A very simplified analogy that I can think of is AI training is like someone going to business school.
And then AI inference is like hiring that person to do a job and answer questions.
And this shift to inference is impacting the AI infrastructure spending.
According to research from Gartner, global capital spending on inference infrastructure is going to surpass spending on training for the first time ever this year.
And this gap is expected to widen fast.
By 2029, companies are projected to spend nearly twice as much on inference compared to training.
The thing is, these AI models are now so good that there's less urgency to train new ones.
Instead, there's more focus on getting the most out of these existing AI models.
Now, the other side effect of the rise of agentic AI and the focus on inference is that this is gonna exponentially increase the demand for compute.

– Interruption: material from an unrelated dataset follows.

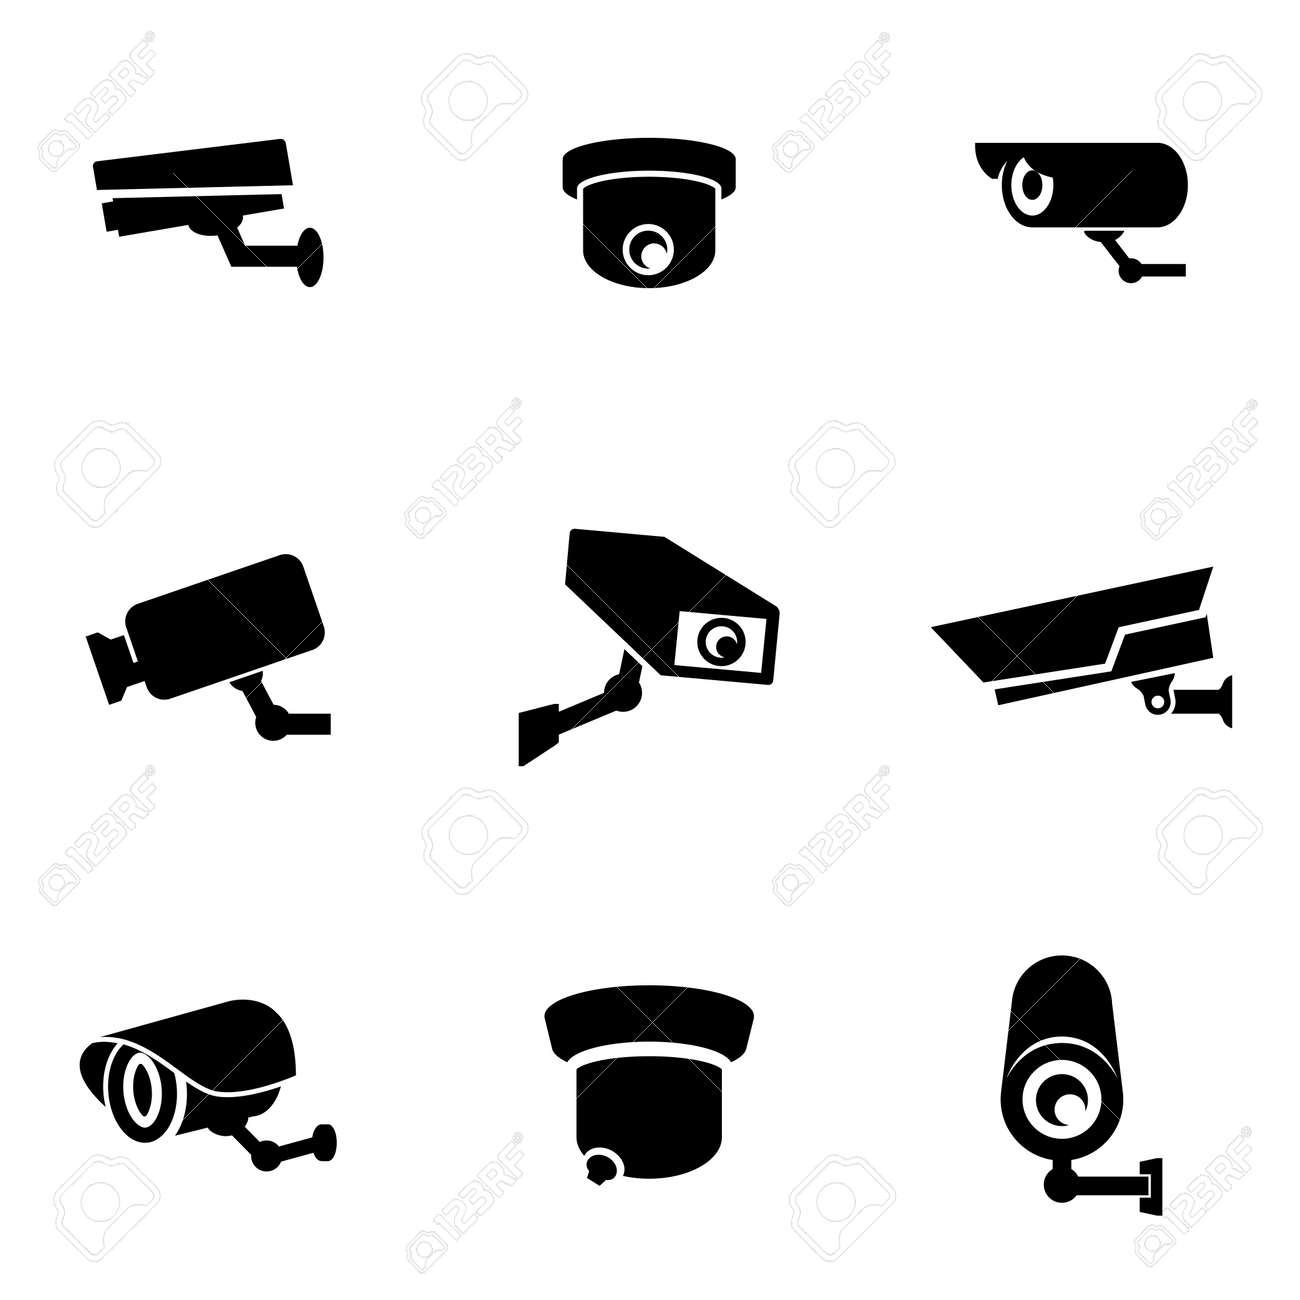 Vector black security camera icon set. Security Camera Icon Object, Security Camera Icon Picture, Security Camera Icon Image - stock vector - 50313635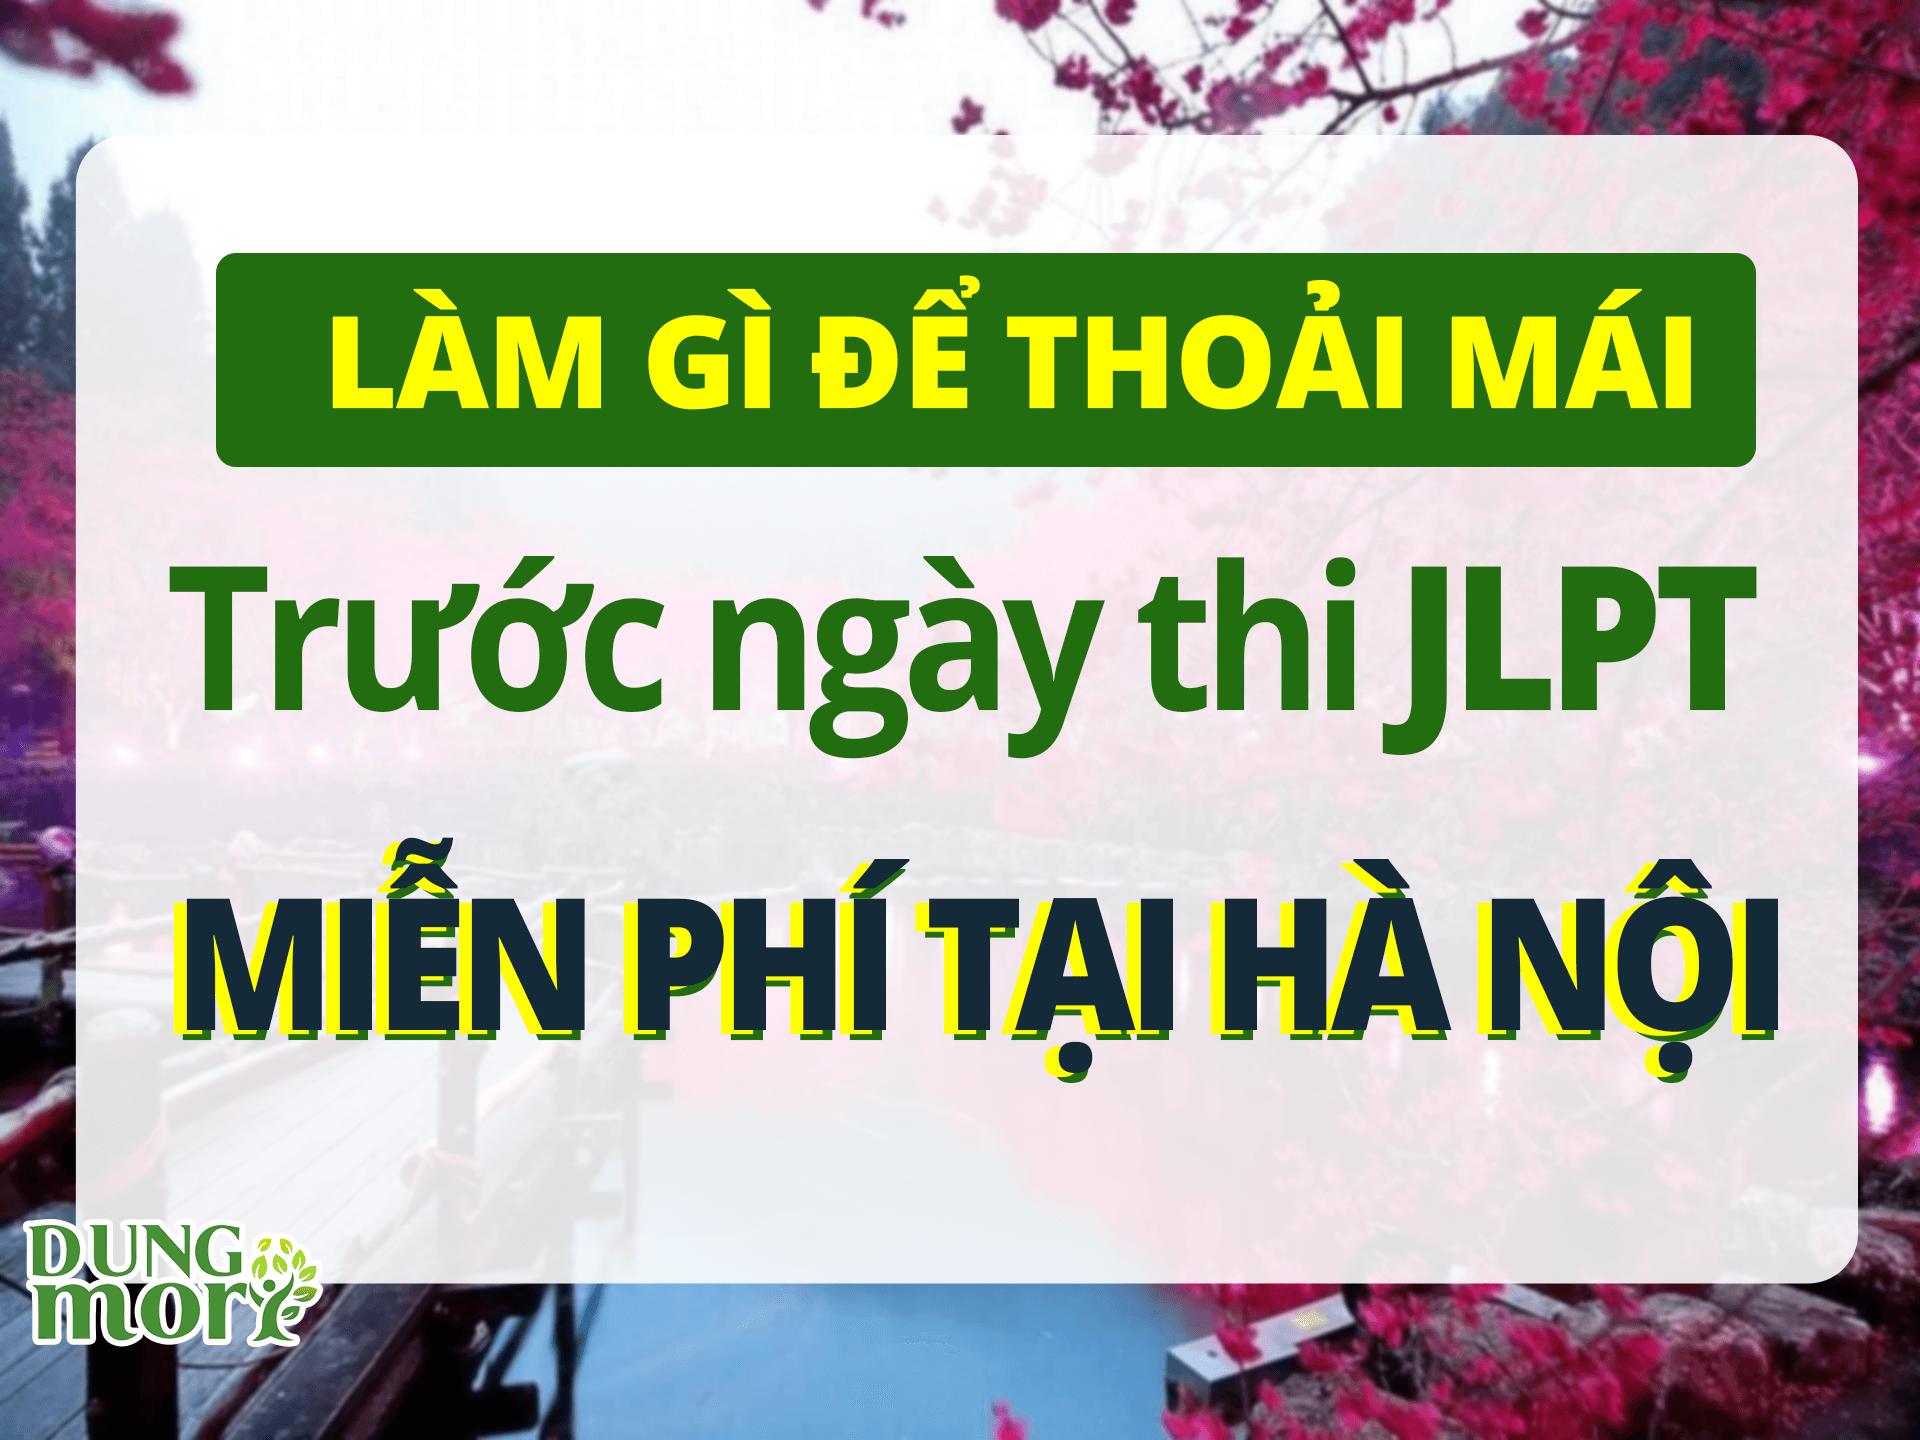 Làm gì để thoải mái trước ngày thi jlpt miễn phí tại Hà Nội

So if you think about it, a normal AI chatbot gives you one response, but an AI agent needs to think through the tasks, call multiple tools, check its own work, retry if something fails, pull in outside data, and keep running in the background to complete the work.
All that requires a lot more tokens and a lot more computing power.
And it also requires a different type of hardware.
Most people know about Nvidia's GPUs.
They're really good at training AI models.
Well, inference and agentic workloads are different.
That requires CPUs working alongside GPUs to get the maximum performance.
The CPU acts as a brain that can think and execute multi-step tasks.
It can call external tools like APIs and databases and manage memory better.
And that's why Nvidia is now making CPUs themselves alongside their GPUs.